Прищурил маленькие глазки, хозяйственно осмотрелся и, похлопав мальчика по колену, продолжал:
- Вот что, мотыль, коли соберутся они тебя драть - сигай ко мне! Я тебя спрячу. Тонок ты очень, и порки тебе не стерпеть. Порка, - это ты меня спроси, какая она!
Мальчик быстро схватывал всё, что задевало его внимание. Солдат уже часто предлагал ему определить на ощупь природную крепость волокна пеньки и сказать, какой крутости свивания оно требует. Матвею льстило доверие старика; нахмурясь, он важно пробовал пальцами материал и говорил количество оборотов колеса, необходимое для того или этого товара.
Пушкарь, размахивая руками, радостно кричал:
- Вер-рно!
И начинал свои бесконечные речи:
- Вот отец твой тоже, бывало, возьмёт мочку в руку, глаз прищурит, взвесит - готово! Это - человек, дела своего достойный, отец-то!

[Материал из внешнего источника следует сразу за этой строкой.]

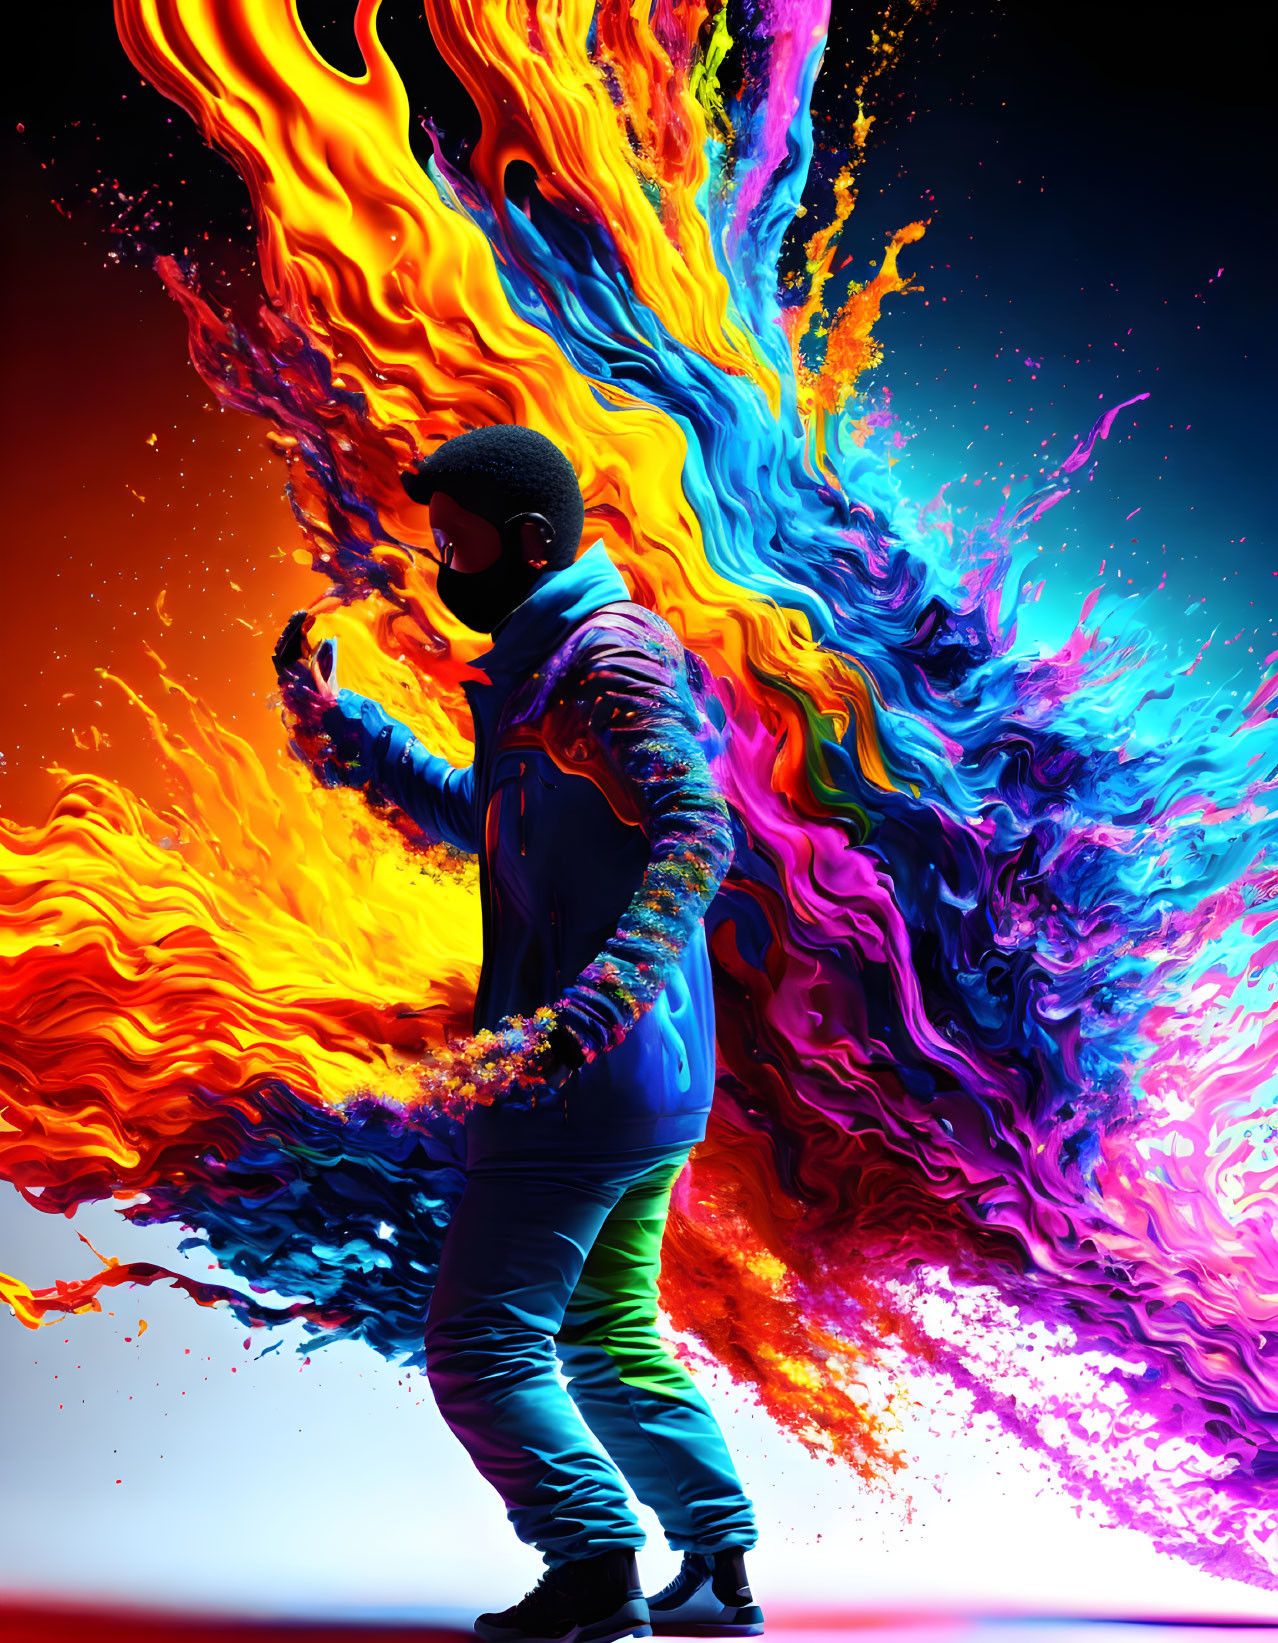 Person in Blue Jacket and Sunglasses with Fiery Liquid Colors

- За что его люди не любят? - спросил Матвей как-то раз.
- Его? - удивлённо вскричал солдат. - А за что его людям любить? Вона! Какой он герой?
Пушкарь захохотал и потом, подумав, прибавил:
- Да они, беси, никого не любят!
- Почему?
- А кто знает! Спроси их - они и сами не знают, поди-ка!
- По писанию, надо любить друг друга, - обиженно сказал Матвей.
Пушкарь взглянул на него и, стирая грязной рукою улыбку с лица, неохотно сказал:
- Мало ли чего написано!
- А ты его любишь? - допрашивал Матвей.
- Эк тебя! - сказал солдат, усмехаясь. - И верно, что всякая сосна своему бору шумит. Я Савелья уважаю, ничего! Он людей зря не обижает, этого нет за ним. Работу ценит.
- А как он тебя тогда горшком-то?
- Цветком? Ничего, ловко! Он во всём ловок. Пьяный я тогда был, а когда я пьян, мне проповедь читать припадает охота. Всех бы я учил - просто беда! Даже ротному однажды подсунул словцо: бог, мол, не велел в морду бить! Вспороли кожу-то...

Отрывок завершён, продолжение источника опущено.